Now that Uber has slashed drivers pay to next to nothing, this is becoming the norm for the type of drivers willing to work for them. Uber doesn't care. In fact, Uber wants bottom feeding losers as drivers since they are desperate and cannot find employment elsewhere. Uber is the perfect employer for perverts, drug addicts, criminals and other bottom dwellers of our society.

You get what you pay for.


----------



## BaitNSwitch (May 12, 2015)

This girl is so full of sh*t. I don't discount that he hit on her, but the way she speaks about it reeks of fabrication.


----------



## Bart McCoy (Nov 4, 2014)

If this happened, then the driver should off the network. Especially if he said all the things she has claimed.

With that being said, I'll take this story with a grain of salt. First thing is, Uber driver had to have a phone, so not sure how you dont know wher eyou going when you can just put it in your GPS, and then follow it.....

Then getting out the car the driver says wait........and she waits....? And listens to him and takes the band or whatever. If your ride was so uncomfortable ,as soon as the door opens just LEAVE,no lollygagging, no returining or waiting no matter what she says.


And then....she has an old phone...really now? Even teh cheap smart phones today have basicc recording abilities. Lets hear that muffled recording, to see if it remotely goes along with what she's saying.

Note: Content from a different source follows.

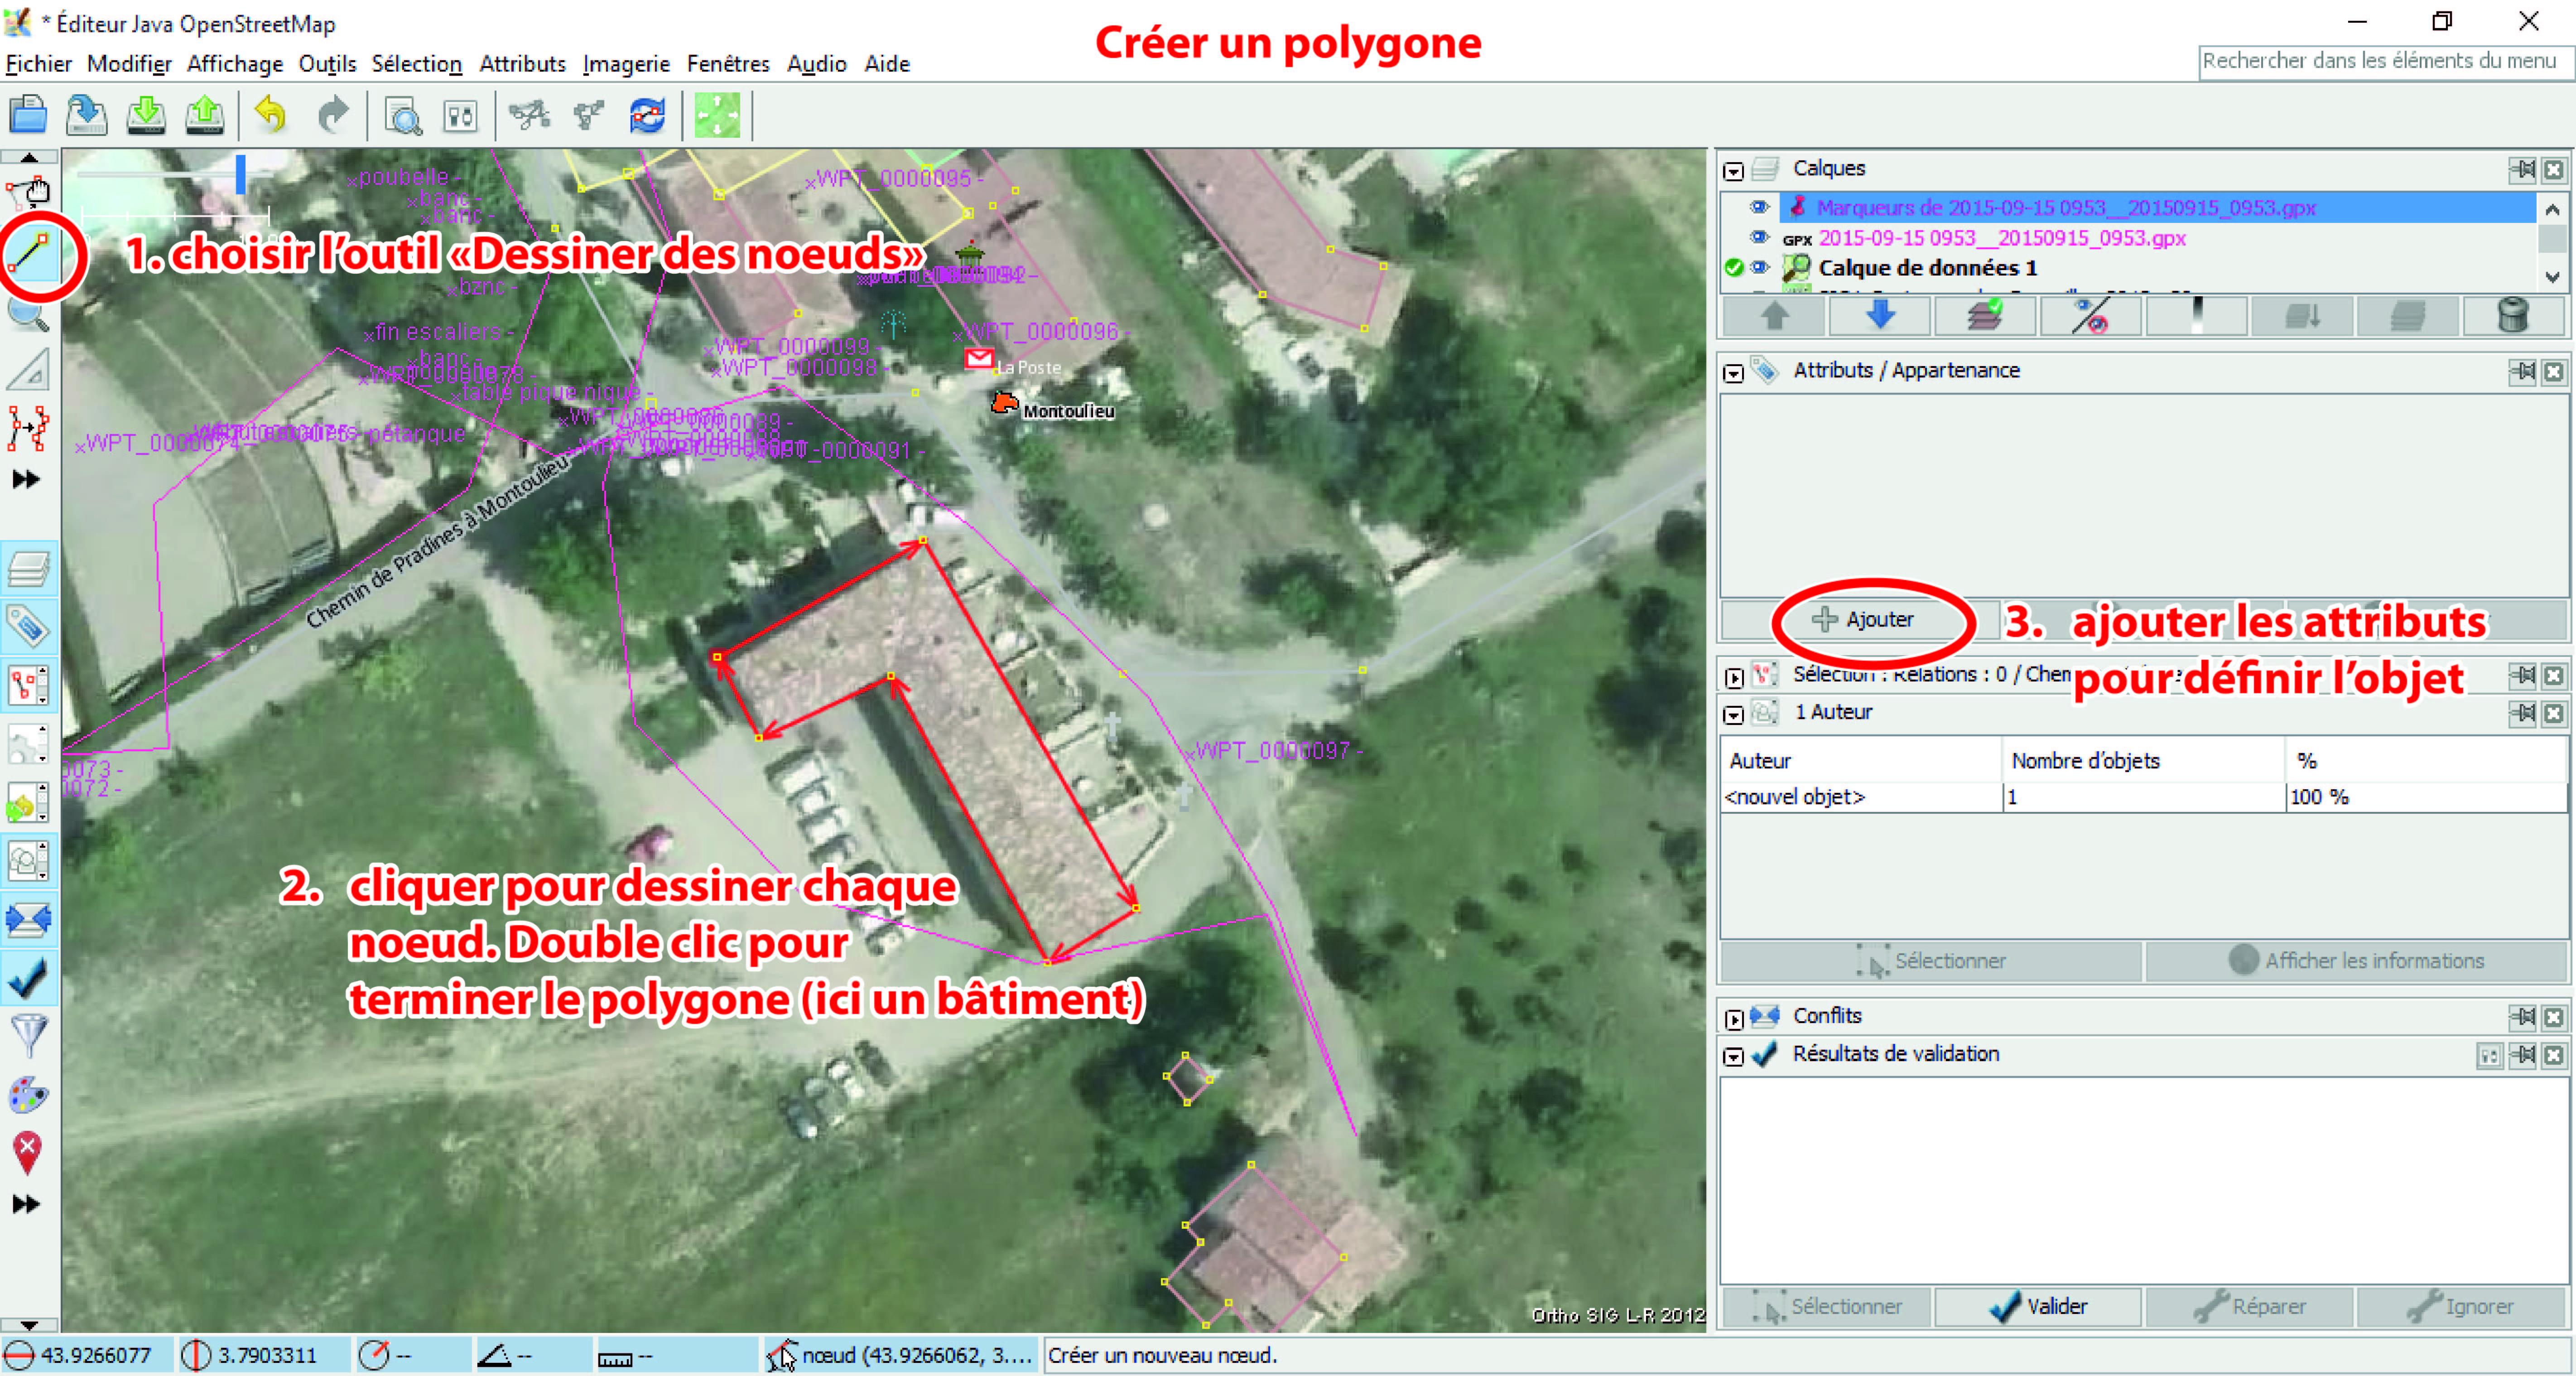 image TUTO_JOSM20.jpg (3.2MB)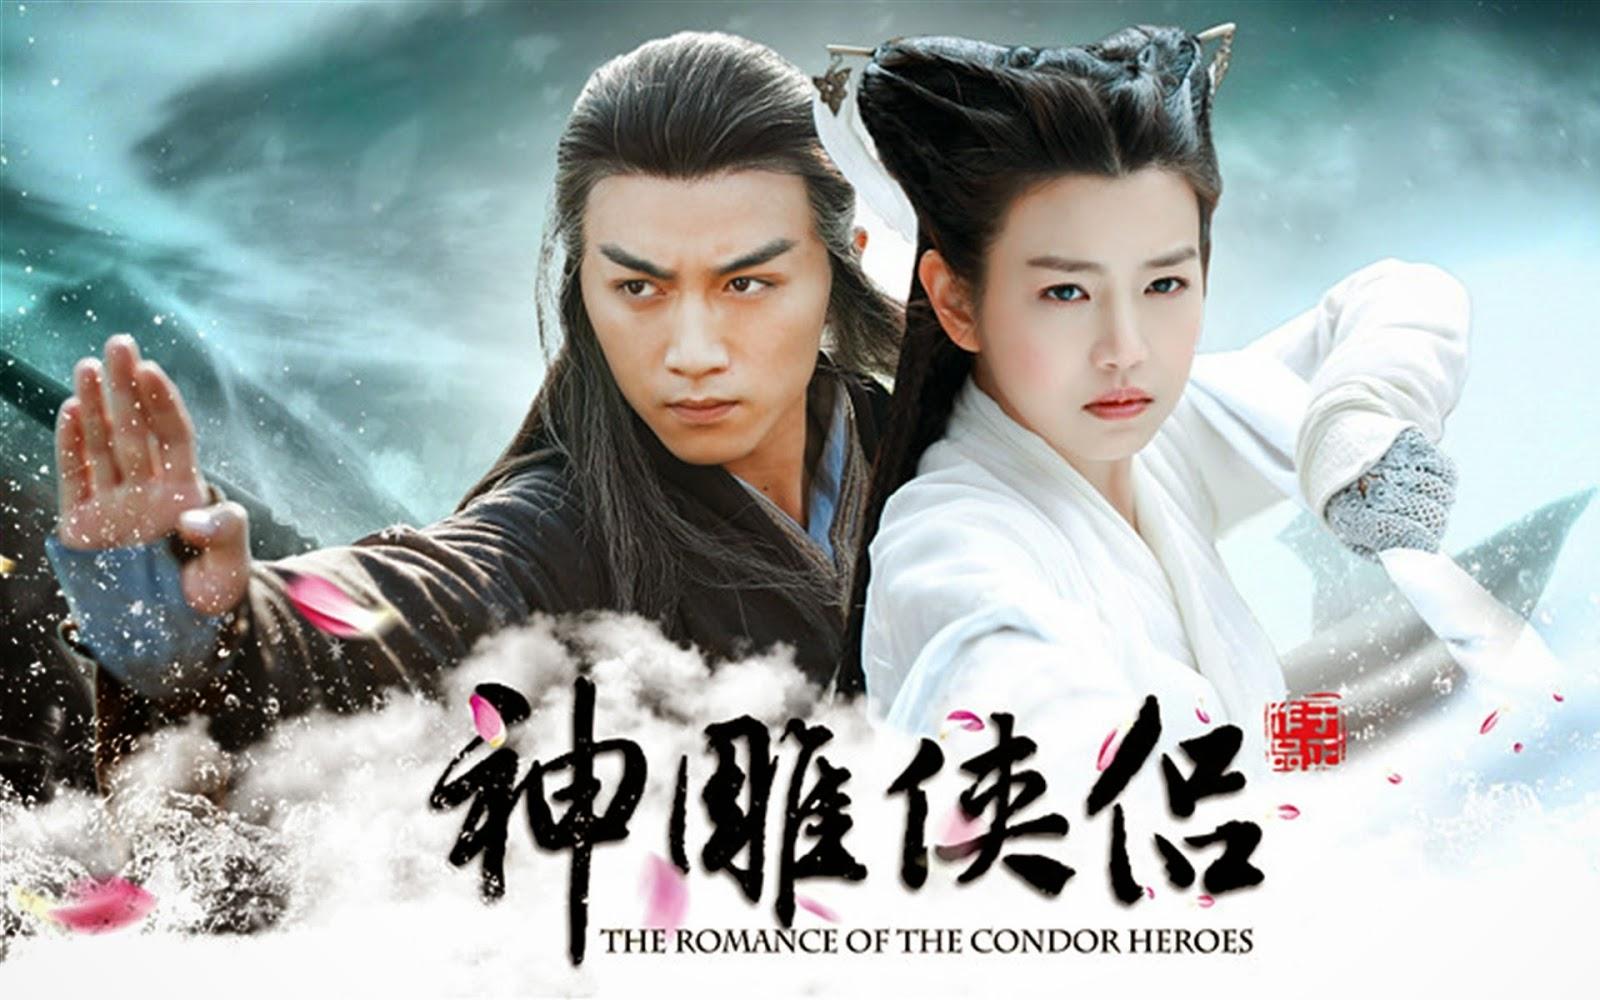 http://sinopsistentangfilm.blogspot.com/2015/04/sinopsis-romance-of-condor-heroes-rcti.html

But who knows, maybe the driver was a creep. And if so , he needs to go. But seems like some of what he said may have been over the top for me to believe the story: like he dropped her off and wanted to come in???? Knowing he's 50 years older than her,doubt he would want to chill with her parents. Andhe offereed to spend the nigh with her? That's just a bit much


----------



## Bart McCoy (Nov 4, 2014)

yolo25 said:


> Flagged and reported, troll


I dont think this is against the rules. I think the rules are you cant call/talk to another board member like that. Plus i think most driver dont talk to highly about pax at all


----------



## Choochie (Jan 4, 2015)

The women who have told me their driver was creepy were very sober. They truly didn't appreciate the comments. Unlike the actor.

On the other hand I would have laughed him off, the same way I laughed when a guy flashed me. 

Why would she even answer those questions, really.


----------



## UberBeemer (Oct 23, 2015)

SafeT said:


> Her story sounds a little over the top. Hard to tell if she made some (or all) of it up or not without a recording of the conversation. Who knows. I'm sure she loves all the youtube views regardless, seems to be her thing.


I'm sorry if all this is true, it would have been a really uncomfortable ride. But I can't help thinking she might be embellishing at least a little. Is it just me?


----------